Physical safeguards control physical access to things such as computer systems, phones, or your office in general. Some required physical safeguards include:

• Facility access controls. These controls might include alarms, locks, or security cameras. This ensures that only authorized personnel have access to facilities that contain sensitive information.
• Workstation security measures. Cable locks and computer monitor privacy filters are two tools that guard against theft and unauthorized access.
• Workstation policies. These ensure proper access to and use of employees’ workstations.

Technical Safeguards

Technical safeguards might include things such as hardware, software, and other technology that help limit access to e-PHI. Some required technical safeguards include:

• Access controls. These help restrict access to PHI, allowing authorized personnel only.
• Audit controls. Monitor activity on systems that contain e-PHI, like an electronic health record system.
• Integrity controls. Prevent improper e-PHI alteration or destruction.
• Transmission security measures. Protect e-PHI when transmitted over any electronic network.
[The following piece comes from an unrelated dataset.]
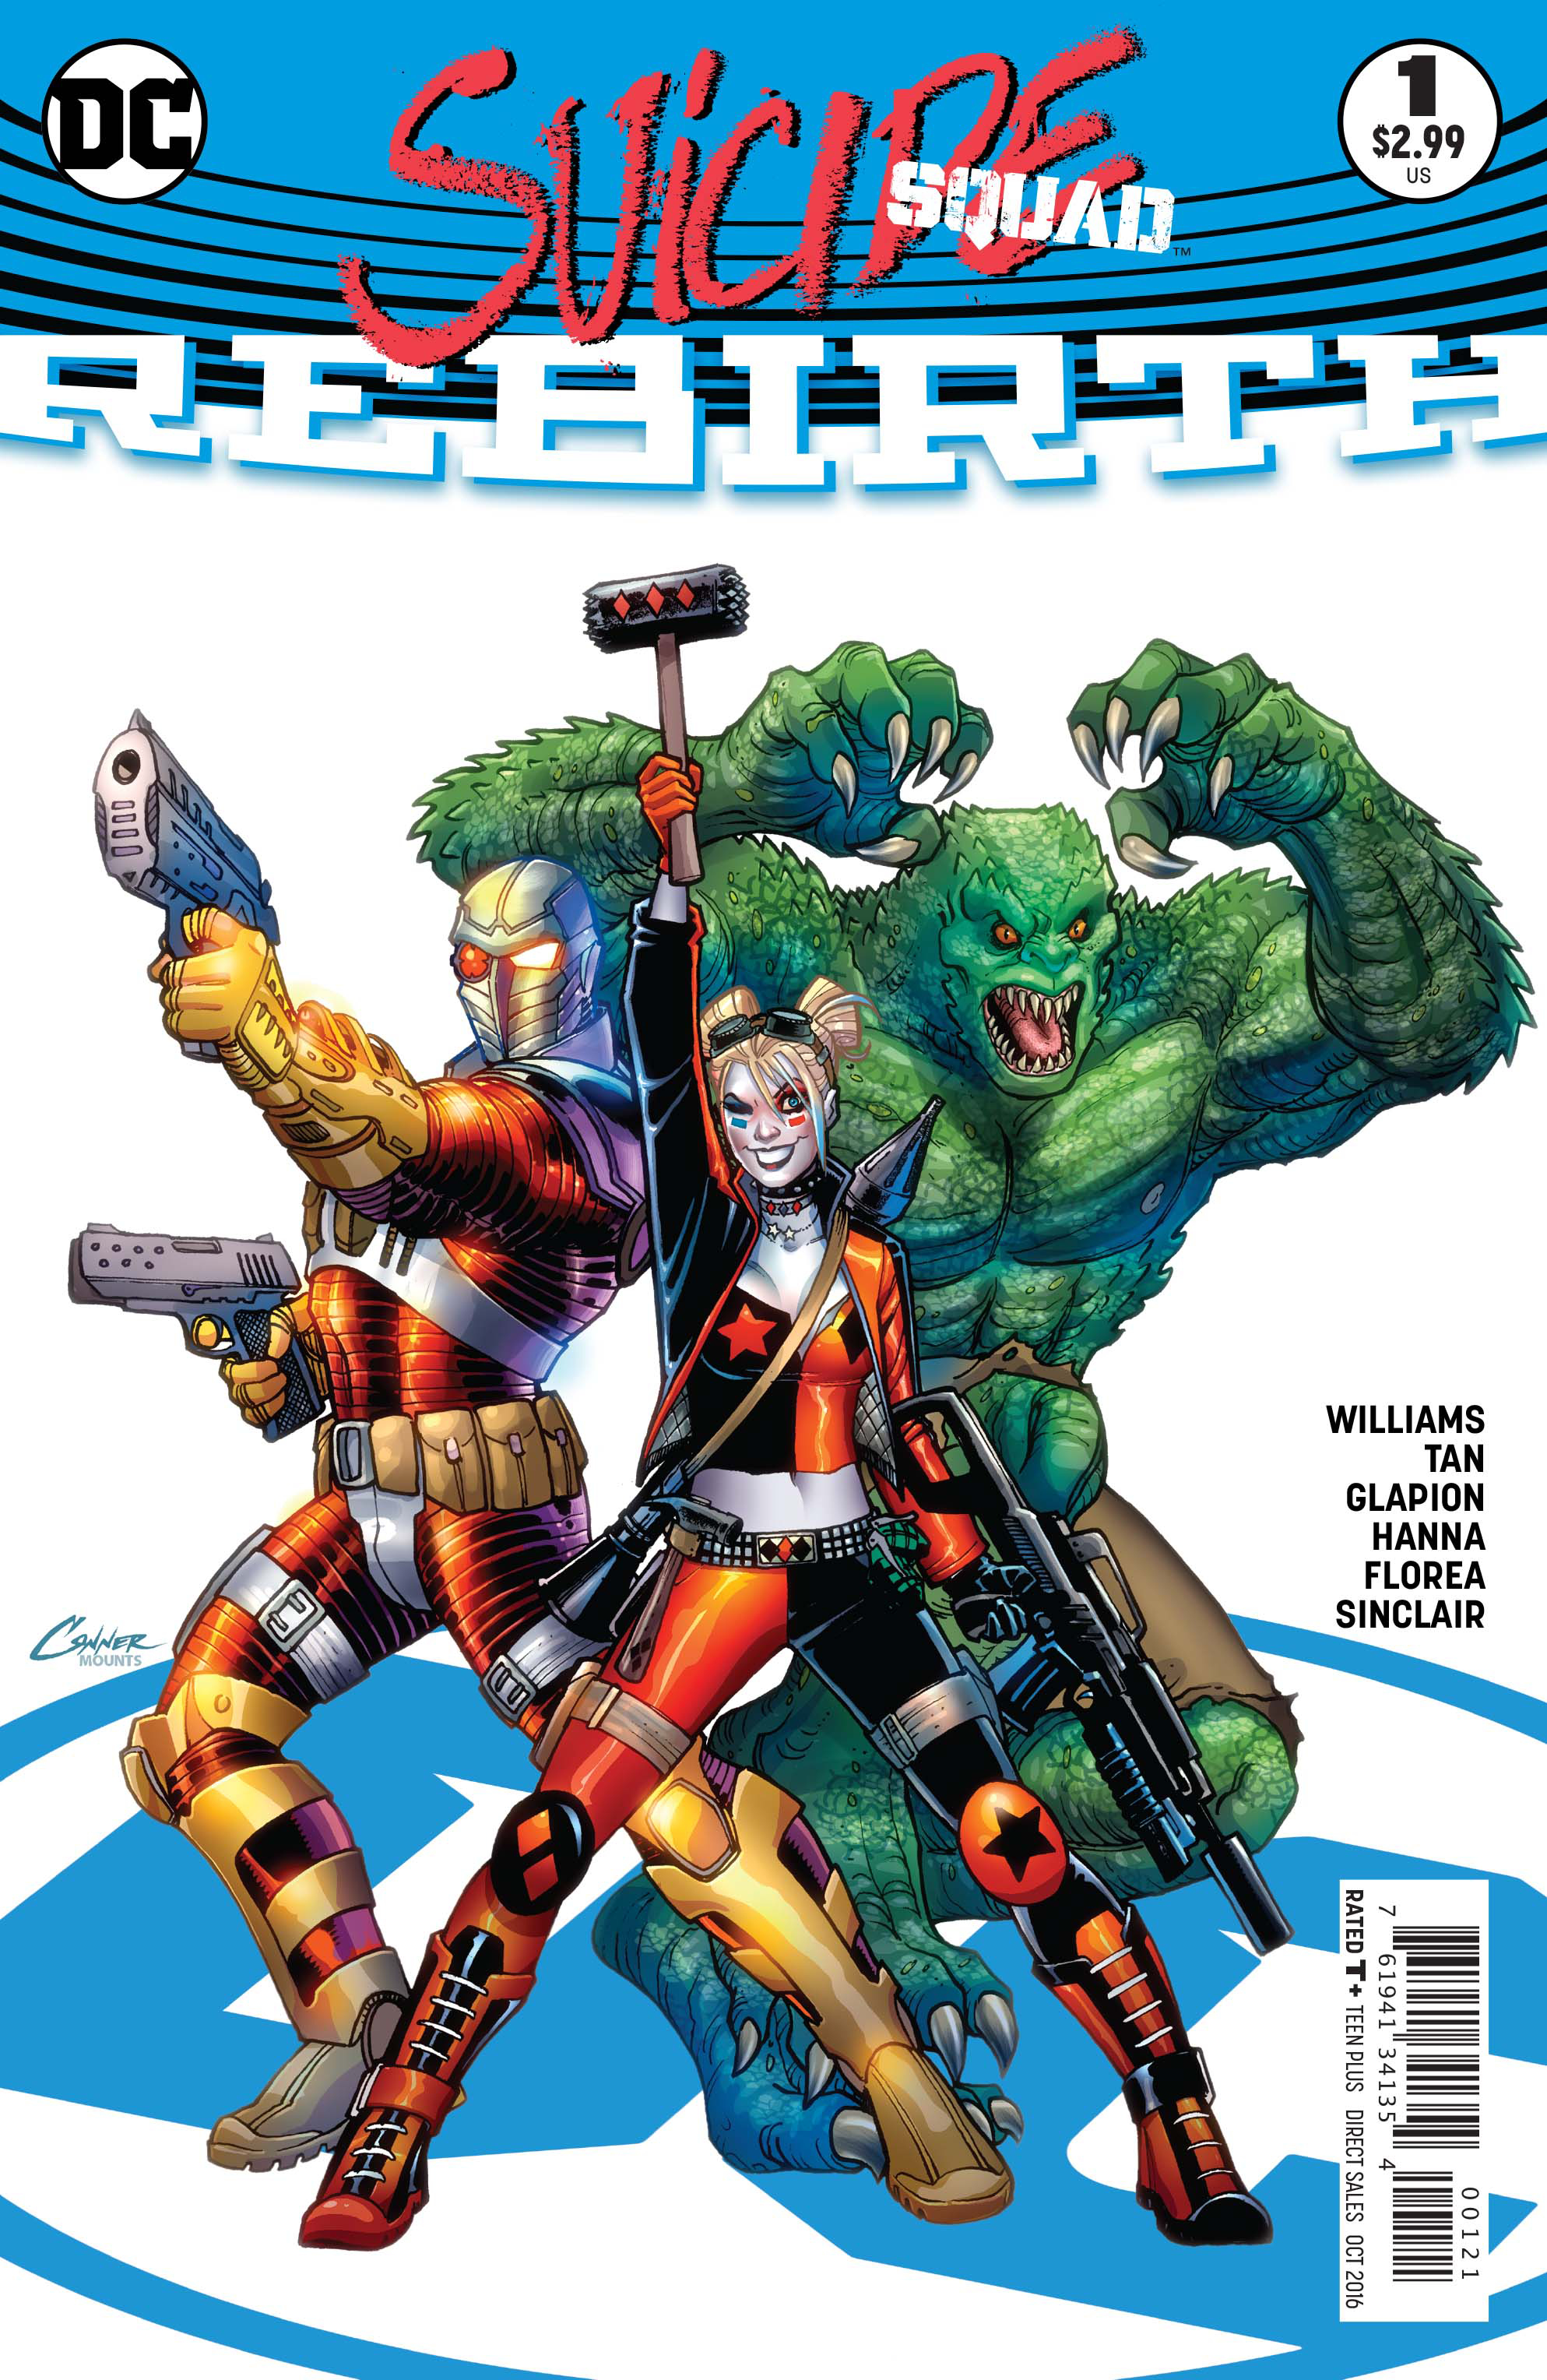 OCT190477 - SUICIDE SQUAD #1 CARD STOCK VAR ED - Previews World

Who Must Comply with HIPAA Rules?

Healthcare providers must adhere to HIPAA rules.

Professionals including doctors, clinics, hospitals, nursing homes, and pharmacies are some of the covered entities that readily come to mind. Health plans and healthcare clearinghouses are some of the less obvious, but just as important, professionals that must comply with these rules, too.

Essentially, to keep it simple, if you perform certain functions or actions that involve the use or disclosure of PHI or ePHI, you need to follow HIPAA rules and guidelines.

Conclusion

Although it is impossible to guarantee you will never be a victim of a data breach, by following the proper guidelines you can reduce the risk drastically. Any healthcare facility that handles PHI or e-PHI is responsible for complying with HIPAA Privacy AND Security Rules.

Taking the time to monitor the security of patients’ sensitive information is essential. Having a security process in place, along with a contingency plan, can save you from both data and financial losses.